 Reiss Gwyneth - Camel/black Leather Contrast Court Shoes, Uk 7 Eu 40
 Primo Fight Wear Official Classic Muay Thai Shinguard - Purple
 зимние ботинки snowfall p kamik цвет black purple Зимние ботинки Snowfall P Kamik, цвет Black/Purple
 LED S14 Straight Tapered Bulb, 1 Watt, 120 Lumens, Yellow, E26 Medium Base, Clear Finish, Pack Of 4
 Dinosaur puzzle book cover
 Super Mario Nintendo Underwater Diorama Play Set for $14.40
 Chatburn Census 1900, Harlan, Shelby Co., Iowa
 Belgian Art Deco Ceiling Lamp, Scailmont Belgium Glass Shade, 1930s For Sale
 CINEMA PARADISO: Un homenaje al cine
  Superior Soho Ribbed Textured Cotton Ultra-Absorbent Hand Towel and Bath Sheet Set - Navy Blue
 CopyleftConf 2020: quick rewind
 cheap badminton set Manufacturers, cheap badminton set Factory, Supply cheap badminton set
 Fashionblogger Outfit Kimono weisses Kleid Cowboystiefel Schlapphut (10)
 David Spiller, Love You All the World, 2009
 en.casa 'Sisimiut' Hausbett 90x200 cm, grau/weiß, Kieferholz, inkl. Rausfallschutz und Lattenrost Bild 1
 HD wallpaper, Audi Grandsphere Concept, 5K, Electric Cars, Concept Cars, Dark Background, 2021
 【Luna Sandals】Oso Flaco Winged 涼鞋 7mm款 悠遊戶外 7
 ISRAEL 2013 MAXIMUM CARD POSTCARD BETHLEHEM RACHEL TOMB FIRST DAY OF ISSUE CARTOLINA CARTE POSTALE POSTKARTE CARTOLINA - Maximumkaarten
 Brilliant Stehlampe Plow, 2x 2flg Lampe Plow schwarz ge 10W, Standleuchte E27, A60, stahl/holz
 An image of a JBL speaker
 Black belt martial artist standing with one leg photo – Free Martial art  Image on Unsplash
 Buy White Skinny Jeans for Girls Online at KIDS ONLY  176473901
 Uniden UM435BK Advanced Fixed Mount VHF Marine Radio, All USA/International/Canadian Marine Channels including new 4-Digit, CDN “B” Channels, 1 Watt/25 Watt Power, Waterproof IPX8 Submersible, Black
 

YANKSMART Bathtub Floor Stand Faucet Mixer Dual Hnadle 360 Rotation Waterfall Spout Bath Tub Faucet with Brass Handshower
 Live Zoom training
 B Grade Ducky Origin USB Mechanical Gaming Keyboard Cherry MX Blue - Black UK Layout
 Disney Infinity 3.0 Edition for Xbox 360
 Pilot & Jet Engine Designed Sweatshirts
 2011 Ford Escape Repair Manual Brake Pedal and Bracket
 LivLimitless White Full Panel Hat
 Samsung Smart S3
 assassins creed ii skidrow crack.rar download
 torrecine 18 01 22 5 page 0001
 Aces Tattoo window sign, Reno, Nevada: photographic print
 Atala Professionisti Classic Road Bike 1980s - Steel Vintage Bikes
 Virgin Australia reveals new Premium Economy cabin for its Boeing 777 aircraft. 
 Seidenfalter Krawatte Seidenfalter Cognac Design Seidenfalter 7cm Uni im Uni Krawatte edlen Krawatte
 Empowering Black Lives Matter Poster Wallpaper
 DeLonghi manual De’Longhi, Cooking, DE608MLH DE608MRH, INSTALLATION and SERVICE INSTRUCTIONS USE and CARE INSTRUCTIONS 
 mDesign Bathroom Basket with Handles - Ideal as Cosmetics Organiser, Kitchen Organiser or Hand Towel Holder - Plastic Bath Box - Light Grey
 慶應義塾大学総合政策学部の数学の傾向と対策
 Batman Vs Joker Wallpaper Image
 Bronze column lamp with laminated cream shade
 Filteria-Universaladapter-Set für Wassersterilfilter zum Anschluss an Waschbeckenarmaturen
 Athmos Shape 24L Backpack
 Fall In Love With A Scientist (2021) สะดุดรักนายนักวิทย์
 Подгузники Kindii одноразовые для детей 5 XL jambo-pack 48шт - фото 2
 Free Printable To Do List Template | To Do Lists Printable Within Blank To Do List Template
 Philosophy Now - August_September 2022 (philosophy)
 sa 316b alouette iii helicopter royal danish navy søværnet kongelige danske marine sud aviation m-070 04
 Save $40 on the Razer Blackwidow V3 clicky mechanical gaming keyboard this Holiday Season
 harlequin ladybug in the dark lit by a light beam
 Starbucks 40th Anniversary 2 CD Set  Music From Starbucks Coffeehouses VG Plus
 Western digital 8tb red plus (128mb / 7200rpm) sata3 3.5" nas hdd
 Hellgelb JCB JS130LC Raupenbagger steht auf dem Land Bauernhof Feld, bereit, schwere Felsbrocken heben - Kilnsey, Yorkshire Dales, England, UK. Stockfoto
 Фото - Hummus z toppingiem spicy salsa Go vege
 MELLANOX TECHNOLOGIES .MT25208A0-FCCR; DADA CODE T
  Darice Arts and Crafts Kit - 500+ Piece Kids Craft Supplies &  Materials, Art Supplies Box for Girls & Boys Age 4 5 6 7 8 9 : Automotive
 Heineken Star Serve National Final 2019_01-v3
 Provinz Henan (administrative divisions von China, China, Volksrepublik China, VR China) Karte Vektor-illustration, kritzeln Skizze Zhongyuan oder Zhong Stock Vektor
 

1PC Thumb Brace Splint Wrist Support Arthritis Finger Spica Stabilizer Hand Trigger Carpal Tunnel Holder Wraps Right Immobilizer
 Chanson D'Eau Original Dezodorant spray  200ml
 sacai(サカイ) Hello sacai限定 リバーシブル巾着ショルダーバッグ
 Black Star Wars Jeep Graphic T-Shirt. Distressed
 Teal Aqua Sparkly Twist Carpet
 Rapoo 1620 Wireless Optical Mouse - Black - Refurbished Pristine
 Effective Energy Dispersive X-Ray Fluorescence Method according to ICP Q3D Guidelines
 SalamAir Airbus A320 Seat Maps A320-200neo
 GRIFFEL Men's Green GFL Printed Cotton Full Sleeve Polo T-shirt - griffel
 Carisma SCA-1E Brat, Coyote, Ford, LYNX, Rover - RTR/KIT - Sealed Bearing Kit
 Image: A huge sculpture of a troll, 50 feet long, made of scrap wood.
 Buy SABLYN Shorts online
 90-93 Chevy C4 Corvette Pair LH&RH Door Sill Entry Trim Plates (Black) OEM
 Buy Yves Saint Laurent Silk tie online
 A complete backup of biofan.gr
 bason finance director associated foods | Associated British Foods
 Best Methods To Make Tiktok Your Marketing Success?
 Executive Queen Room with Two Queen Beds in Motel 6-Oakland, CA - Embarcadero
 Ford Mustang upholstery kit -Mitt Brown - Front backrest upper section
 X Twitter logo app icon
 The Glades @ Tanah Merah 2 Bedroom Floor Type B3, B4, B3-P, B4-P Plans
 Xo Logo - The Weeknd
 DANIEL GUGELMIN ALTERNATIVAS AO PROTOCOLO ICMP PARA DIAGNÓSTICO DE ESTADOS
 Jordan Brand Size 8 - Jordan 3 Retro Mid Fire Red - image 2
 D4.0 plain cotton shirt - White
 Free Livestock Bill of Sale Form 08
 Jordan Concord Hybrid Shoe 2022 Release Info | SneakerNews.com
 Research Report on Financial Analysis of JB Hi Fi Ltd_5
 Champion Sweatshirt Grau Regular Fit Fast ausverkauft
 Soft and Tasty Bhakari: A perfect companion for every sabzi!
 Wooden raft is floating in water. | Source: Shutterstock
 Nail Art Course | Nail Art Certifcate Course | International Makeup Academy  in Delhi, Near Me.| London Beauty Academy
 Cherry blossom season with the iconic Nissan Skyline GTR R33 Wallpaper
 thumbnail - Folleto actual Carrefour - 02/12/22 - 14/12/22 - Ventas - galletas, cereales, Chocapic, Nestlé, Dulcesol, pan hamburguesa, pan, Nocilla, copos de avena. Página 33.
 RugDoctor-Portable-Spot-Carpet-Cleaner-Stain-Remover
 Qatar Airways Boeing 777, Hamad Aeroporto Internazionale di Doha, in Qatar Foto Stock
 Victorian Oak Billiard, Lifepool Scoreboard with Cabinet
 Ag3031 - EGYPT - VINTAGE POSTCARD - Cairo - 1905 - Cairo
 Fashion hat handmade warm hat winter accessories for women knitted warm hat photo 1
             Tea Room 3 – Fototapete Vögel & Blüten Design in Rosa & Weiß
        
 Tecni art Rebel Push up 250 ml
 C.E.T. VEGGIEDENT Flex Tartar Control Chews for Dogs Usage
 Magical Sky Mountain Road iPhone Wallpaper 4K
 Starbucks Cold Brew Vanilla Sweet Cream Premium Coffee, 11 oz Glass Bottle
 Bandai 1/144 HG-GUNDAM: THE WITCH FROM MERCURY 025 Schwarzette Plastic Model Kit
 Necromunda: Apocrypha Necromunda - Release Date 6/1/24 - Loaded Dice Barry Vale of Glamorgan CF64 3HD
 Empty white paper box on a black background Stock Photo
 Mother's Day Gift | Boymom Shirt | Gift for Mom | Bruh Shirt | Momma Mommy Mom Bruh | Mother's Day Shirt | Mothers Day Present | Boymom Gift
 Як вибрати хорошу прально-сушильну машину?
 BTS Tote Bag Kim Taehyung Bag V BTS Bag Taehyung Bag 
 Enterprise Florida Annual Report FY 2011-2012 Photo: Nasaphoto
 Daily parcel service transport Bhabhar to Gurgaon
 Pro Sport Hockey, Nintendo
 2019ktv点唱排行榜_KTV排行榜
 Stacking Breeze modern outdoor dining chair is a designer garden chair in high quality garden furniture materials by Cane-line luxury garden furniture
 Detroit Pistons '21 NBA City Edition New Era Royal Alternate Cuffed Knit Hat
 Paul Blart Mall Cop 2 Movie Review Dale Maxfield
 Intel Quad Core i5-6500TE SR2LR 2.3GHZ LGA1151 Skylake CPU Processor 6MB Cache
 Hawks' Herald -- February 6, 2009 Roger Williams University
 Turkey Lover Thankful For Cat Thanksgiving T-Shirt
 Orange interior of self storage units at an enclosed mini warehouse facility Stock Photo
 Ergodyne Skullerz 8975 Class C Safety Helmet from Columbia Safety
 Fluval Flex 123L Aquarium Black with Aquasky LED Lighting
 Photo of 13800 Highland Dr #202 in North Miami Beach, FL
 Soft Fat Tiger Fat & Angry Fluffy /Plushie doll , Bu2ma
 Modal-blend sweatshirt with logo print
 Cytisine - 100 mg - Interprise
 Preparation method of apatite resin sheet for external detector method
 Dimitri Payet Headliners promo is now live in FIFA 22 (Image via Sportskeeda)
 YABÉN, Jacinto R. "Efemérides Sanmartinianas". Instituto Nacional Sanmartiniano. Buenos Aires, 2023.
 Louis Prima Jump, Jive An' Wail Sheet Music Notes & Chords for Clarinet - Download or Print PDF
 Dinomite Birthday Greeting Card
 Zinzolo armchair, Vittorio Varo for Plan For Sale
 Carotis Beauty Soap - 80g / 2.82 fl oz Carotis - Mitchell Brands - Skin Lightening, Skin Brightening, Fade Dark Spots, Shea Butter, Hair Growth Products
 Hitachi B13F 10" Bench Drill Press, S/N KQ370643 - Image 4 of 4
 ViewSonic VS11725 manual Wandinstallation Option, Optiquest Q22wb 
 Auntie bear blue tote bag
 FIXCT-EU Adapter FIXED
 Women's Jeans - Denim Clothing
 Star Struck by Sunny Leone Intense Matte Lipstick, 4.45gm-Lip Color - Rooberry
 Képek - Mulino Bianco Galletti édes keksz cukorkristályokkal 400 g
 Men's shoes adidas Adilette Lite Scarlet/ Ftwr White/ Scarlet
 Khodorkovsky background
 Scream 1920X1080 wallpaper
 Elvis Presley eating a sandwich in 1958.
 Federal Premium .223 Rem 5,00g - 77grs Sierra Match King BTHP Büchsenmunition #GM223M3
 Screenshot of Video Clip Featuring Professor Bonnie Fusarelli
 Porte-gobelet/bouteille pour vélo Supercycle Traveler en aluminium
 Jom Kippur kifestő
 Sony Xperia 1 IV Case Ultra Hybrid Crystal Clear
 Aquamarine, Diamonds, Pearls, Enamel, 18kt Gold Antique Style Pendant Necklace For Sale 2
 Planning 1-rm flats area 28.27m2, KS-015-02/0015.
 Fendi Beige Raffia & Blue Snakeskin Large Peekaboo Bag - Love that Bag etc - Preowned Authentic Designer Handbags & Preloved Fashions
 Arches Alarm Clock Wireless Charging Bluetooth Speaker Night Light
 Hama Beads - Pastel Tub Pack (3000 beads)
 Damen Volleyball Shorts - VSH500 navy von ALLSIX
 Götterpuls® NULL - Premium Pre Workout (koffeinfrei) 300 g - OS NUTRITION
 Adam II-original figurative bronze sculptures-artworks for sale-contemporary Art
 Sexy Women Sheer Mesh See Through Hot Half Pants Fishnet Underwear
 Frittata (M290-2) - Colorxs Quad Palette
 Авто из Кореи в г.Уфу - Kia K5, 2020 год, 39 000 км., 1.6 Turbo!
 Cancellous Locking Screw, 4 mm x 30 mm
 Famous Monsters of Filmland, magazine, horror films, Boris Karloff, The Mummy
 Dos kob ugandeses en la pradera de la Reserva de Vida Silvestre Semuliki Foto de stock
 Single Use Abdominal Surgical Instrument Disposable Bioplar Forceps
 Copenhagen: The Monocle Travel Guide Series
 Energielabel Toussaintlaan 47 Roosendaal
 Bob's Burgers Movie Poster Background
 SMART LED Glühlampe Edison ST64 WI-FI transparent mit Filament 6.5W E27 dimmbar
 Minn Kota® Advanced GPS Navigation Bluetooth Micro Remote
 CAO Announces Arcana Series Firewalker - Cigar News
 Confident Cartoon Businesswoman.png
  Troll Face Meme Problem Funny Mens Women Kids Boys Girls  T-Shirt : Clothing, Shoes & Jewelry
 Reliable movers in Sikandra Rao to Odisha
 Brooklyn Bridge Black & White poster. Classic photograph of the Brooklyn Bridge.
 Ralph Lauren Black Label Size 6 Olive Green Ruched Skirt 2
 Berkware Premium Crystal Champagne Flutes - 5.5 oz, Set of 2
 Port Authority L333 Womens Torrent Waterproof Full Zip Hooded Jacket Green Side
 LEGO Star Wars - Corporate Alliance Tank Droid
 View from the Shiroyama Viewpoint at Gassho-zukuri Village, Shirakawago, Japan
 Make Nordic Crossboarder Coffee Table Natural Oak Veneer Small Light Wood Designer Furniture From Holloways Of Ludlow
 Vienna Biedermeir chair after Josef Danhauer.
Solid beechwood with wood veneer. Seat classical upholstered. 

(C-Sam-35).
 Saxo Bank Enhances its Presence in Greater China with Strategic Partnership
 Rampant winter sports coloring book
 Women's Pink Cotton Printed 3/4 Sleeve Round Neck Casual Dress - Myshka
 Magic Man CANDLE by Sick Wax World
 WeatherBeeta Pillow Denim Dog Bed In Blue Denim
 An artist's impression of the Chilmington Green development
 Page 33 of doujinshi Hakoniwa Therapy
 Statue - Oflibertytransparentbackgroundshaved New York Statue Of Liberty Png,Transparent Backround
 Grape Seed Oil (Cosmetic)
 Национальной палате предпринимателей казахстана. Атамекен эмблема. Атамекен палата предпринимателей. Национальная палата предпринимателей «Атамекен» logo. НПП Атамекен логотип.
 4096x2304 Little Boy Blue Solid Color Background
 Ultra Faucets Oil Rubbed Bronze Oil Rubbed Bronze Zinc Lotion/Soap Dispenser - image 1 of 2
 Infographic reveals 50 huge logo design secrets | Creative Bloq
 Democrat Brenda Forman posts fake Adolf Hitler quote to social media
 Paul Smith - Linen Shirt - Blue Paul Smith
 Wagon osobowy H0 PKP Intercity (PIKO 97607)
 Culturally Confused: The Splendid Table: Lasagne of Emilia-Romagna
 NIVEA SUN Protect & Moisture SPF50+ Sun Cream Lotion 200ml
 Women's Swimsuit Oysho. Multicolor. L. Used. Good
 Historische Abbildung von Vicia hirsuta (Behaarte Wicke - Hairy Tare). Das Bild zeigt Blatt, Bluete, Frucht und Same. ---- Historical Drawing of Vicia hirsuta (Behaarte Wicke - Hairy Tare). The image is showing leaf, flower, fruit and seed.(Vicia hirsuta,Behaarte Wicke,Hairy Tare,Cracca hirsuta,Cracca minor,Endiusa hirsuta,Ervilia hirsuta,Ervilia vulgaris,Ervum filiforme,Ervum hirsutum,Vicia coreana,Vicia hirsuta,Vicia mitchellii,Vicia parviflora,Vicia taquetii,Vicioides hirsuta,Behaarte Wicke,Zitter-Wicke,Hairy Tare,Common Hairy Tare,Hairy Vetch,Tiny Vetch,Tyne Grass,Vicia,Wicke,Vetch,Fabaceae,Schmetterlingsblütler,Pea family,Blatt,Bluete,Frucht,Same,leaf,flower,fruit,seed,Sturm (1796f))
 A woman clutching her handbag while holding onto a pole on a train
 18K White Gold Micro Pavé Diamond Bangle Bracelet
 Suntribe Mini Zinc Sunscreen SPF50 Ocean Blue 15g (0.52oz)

What you will do -
Beginning with the very first line of the records above, please retype each line through the one that has "Belgian Art Deco", and add nothing.

Completed exercise -
 Reiss Gwyneth - Camel/black Leather Contrast Court Shoes, Uk 7 Eu 40
 Primo Fight Wear Official Classic Muay Thai Shinguard - Purple
 зимние ботинки snowfall p kamik цвет black purple Зимние ботинки Snowfall P Kamik, цвет Black/Purple
 LED S14 Straight Tapered Bulb, 1 Watt, 120 Lumens, Yellow, E26 Medium Base, Clear Finish, Pack Of 4
 Dinosaur puzzle book cover
 Super Mario Nintendo Underwater Diorama Play Set for $14.40
 Chatburn Census 1900, Harlan, Shelby Co., Iowa
 Belgian Art Deco Ceiling Lamp, Scailmont Belgium Glass Shade, 1930s For Sale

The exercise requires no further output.